Prayer, fasting, vigil and all other Christian activities, however good they may be in themselves, do not constitute the aim of our Christian life, although they serve as the indispensable means of reaching this end. The true aim of our Christian life consists in the acquisition of the Holy Spirit of God. As for fasts, and vigils, and prayer, and almsgiving, and every good deed done for Christ's sake, they are only means of acquiring the Holy Spirit of God.
At the present time, owing to our almost universal coldness to our holy faith in our Lord Jesus Christ, and our inattention to the working of His Divine Providence in us, and to the communion of man with God, we have gone so far that, one may say, we have almost abandoned the true Christian life.
More than once in other passages of Holy Scripture the appearance of God to men is mentioned. That is why some people say: "These passages are incomprehensible. Is it really possible for people to see God so openly?"

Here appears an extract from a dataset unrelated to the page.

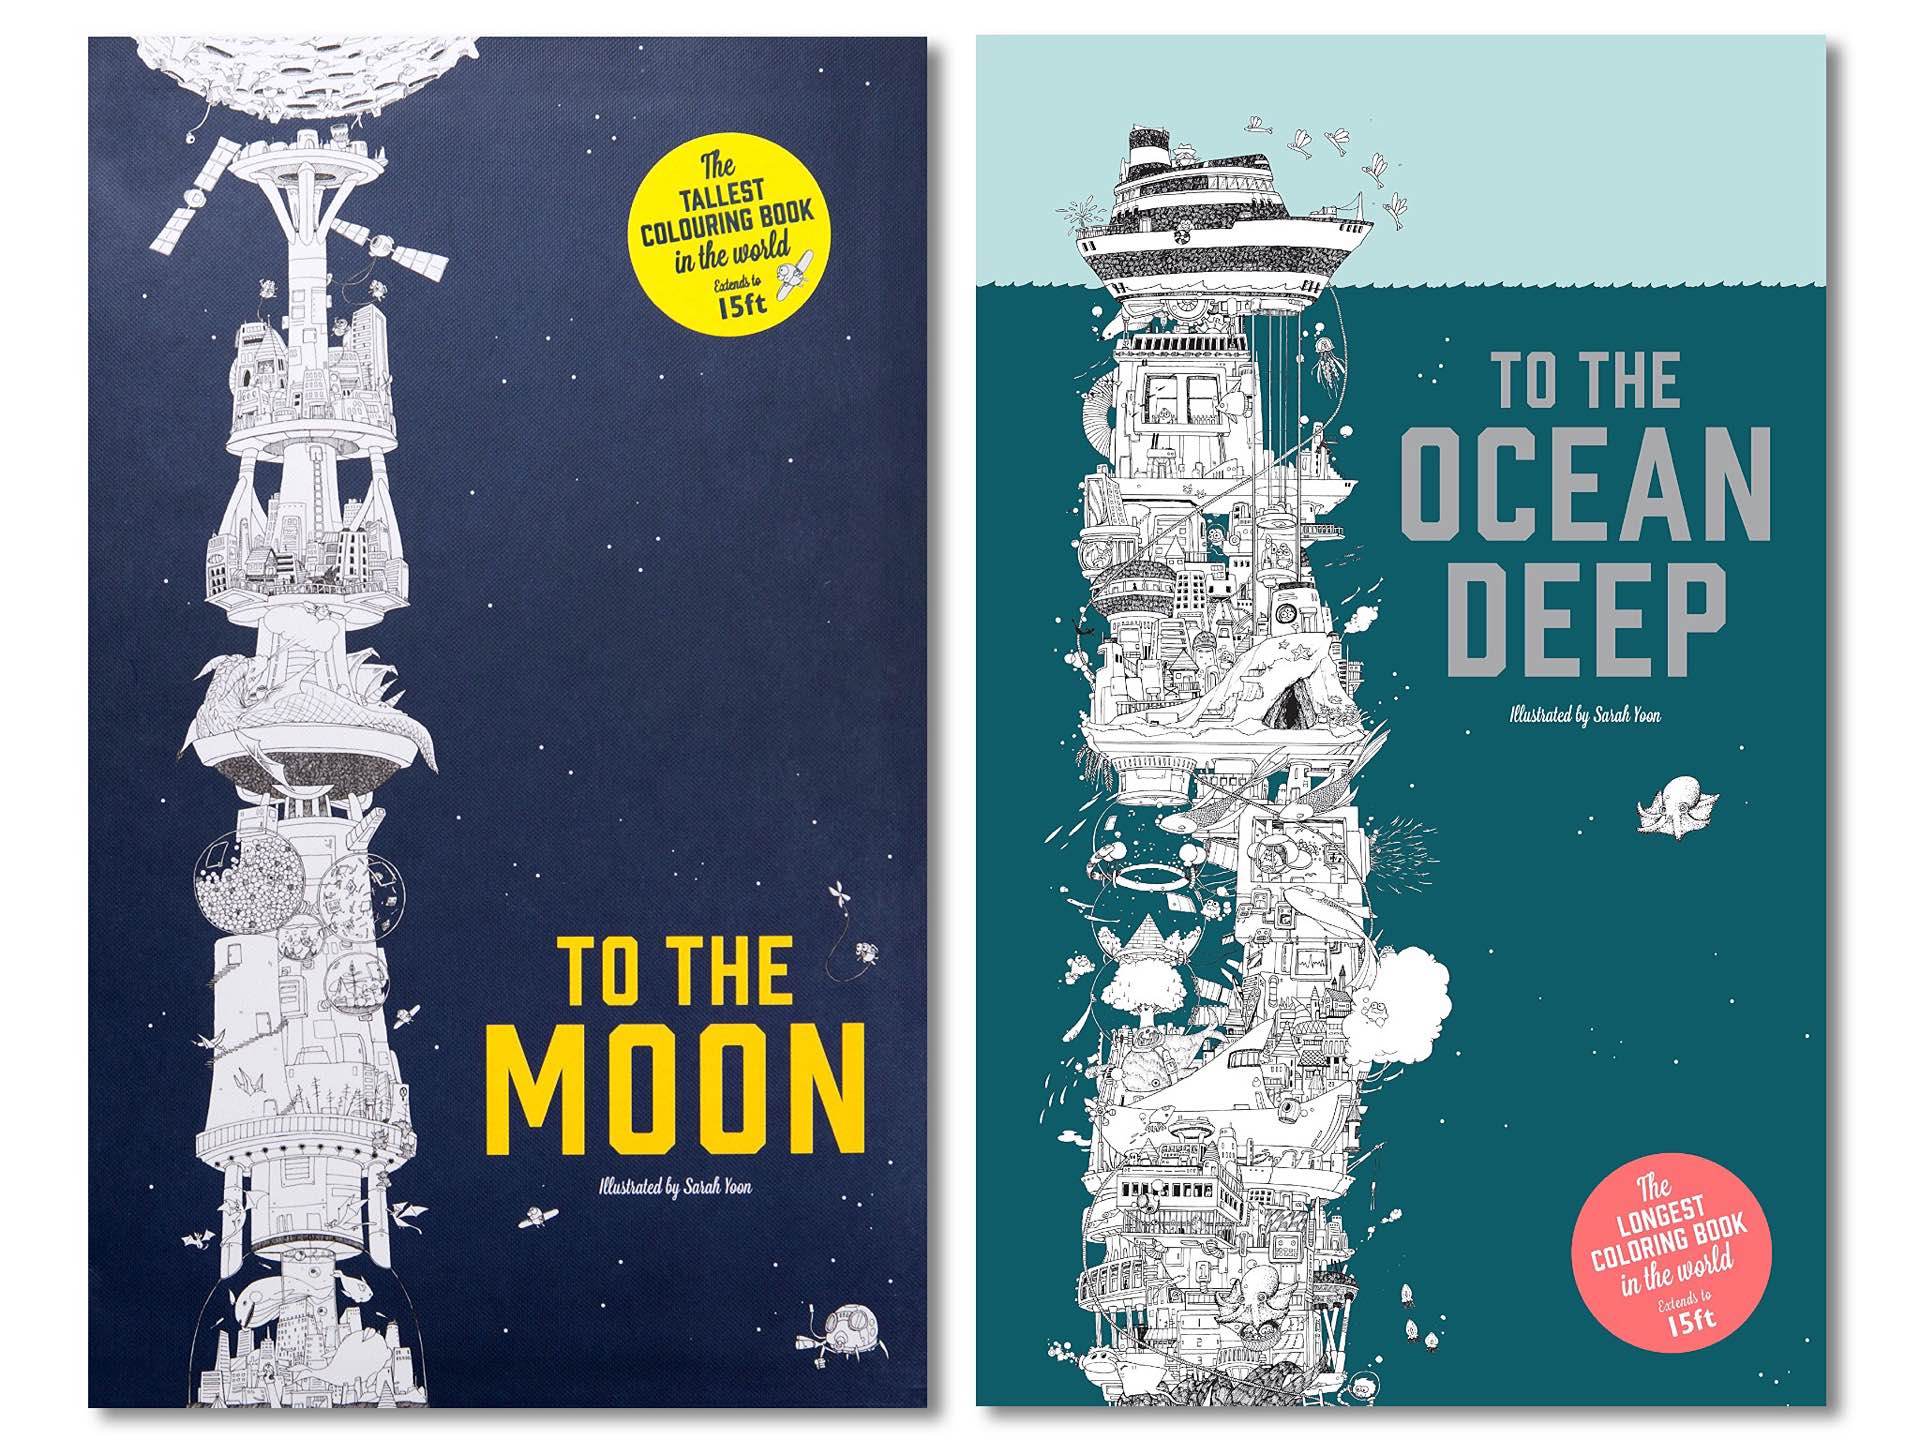 "To the Moon" and "To the Ocean Deep" Coloring Books by
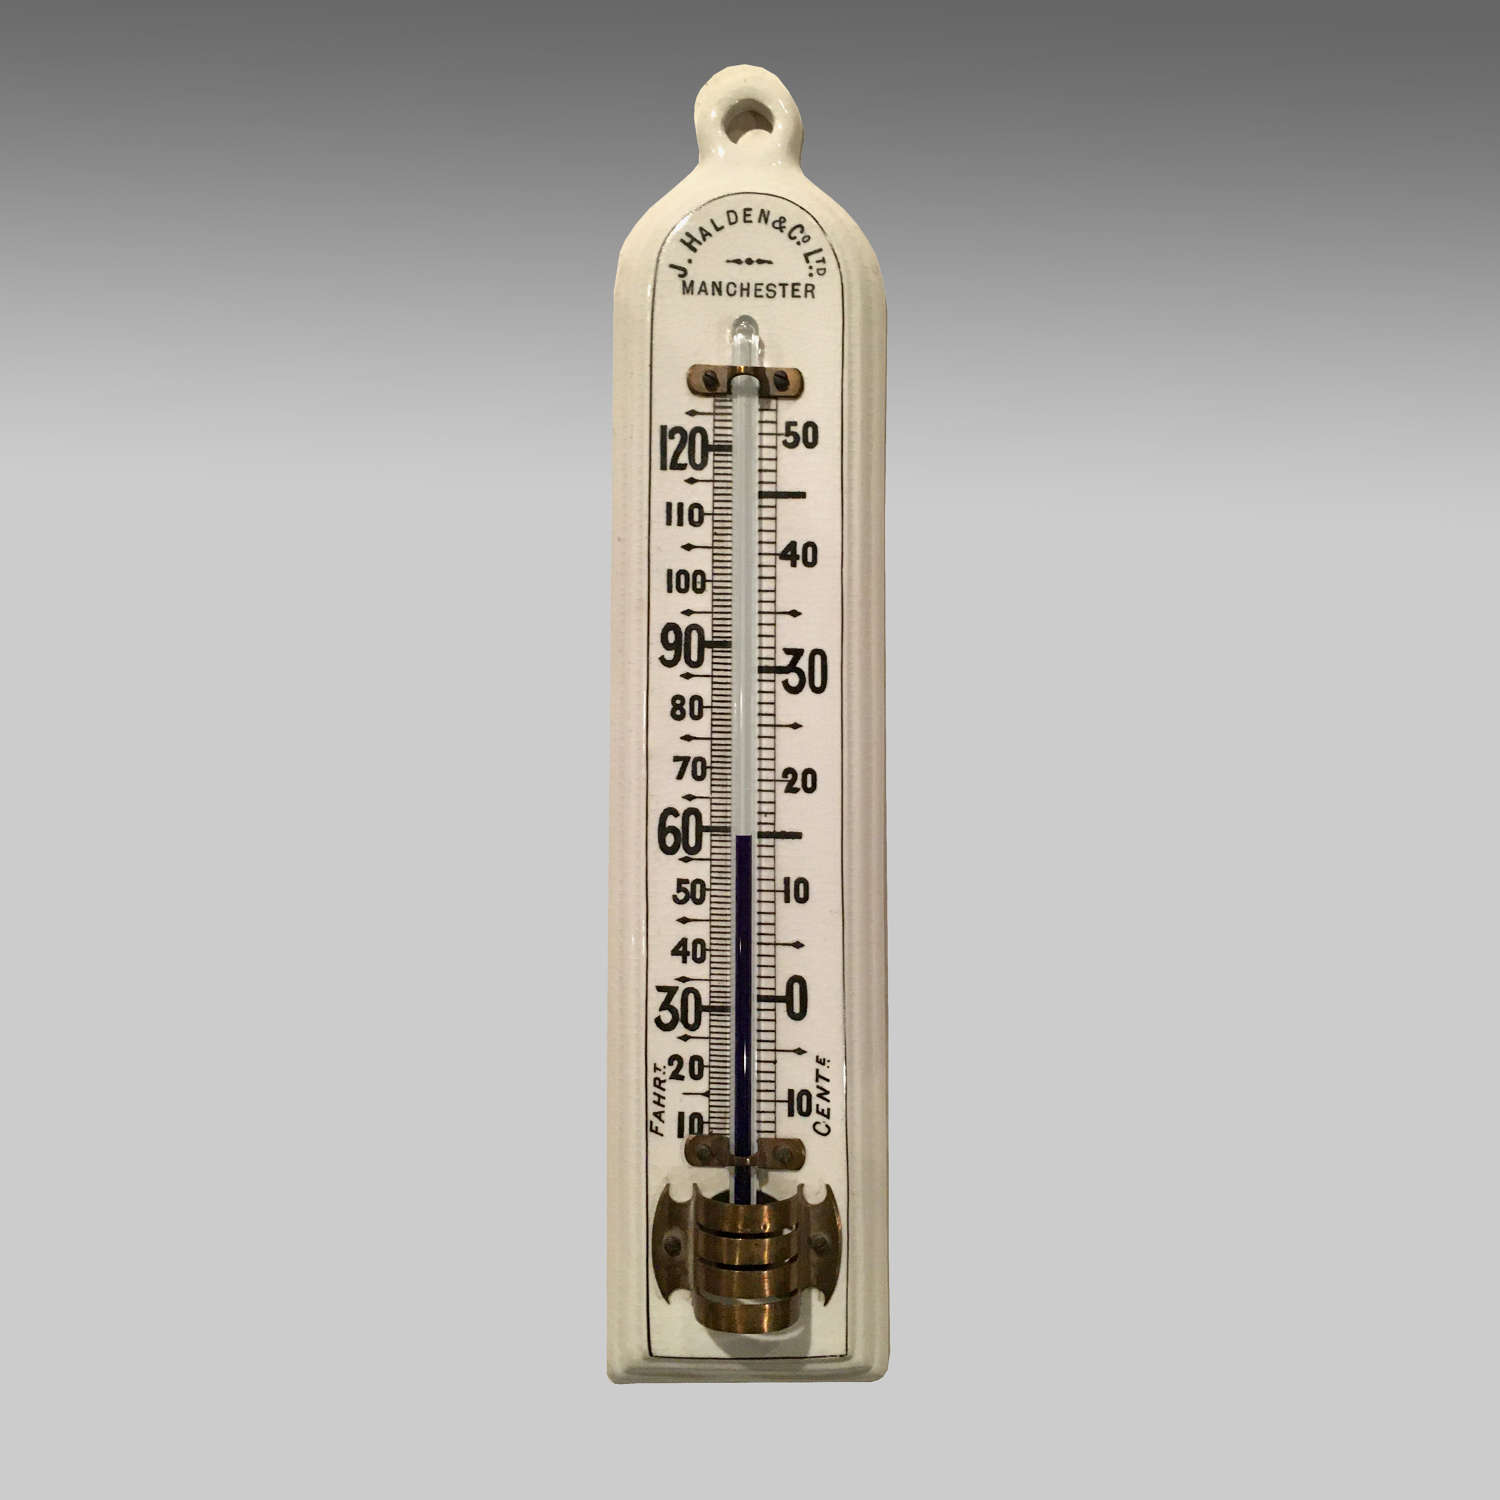 19th century porcelain thermometer

But there is nothing incomprehensible here. This failure to understand has come about because we have departed from the simplicity of the original Christian knowledge. Under the pretext of education, we have reached such a darkness of ignorance that what the ancients understood so clearly seems to us almost inconceivable.
It is fashionable to say that God does not exist, or God is not necessary. And it is especially fashionable to say that organized religion is not necessary. And even that organized religion is a force of evil.

Those who believe these things may be disappointed to know that these ideas are not particularly new or modern. The quotes above from St. Seraphim are from 1831. And the passage from the Psalms is obviously much more ancient than that.

Those seeking novelty, or revolutionary thinking, or profound spirituality have no further to look than the Christian faith. Its message is still new and refreshing, profound and life-changing, deep and mysterious two thousand years after the birth, crucifixion and resurrection of Jesus.

The message of Christianity is still relevant in an age of scientific idolatry. In fact even more relevant as science challenges the very essence of man's humanity. No better basis for a moral system has ever been discovered than the teachings of Our Lord Jesus Christ. But as St. Seraphim emphasizes, doing good deeds alone is not sufficient.
But mark, my son, only the good deed done for Christ's sake brings us the fruits of the Holy Spirit. All that is not done for Christ's sake, even though it be good, brings neither reward in the future life nor the grace of God in this.
Here is what is missing in the common morality of this generation. Without the guidance of the Holy Spirit, "good intentions" turn the gifts of God into forces for destruction. Science reverts to paganism.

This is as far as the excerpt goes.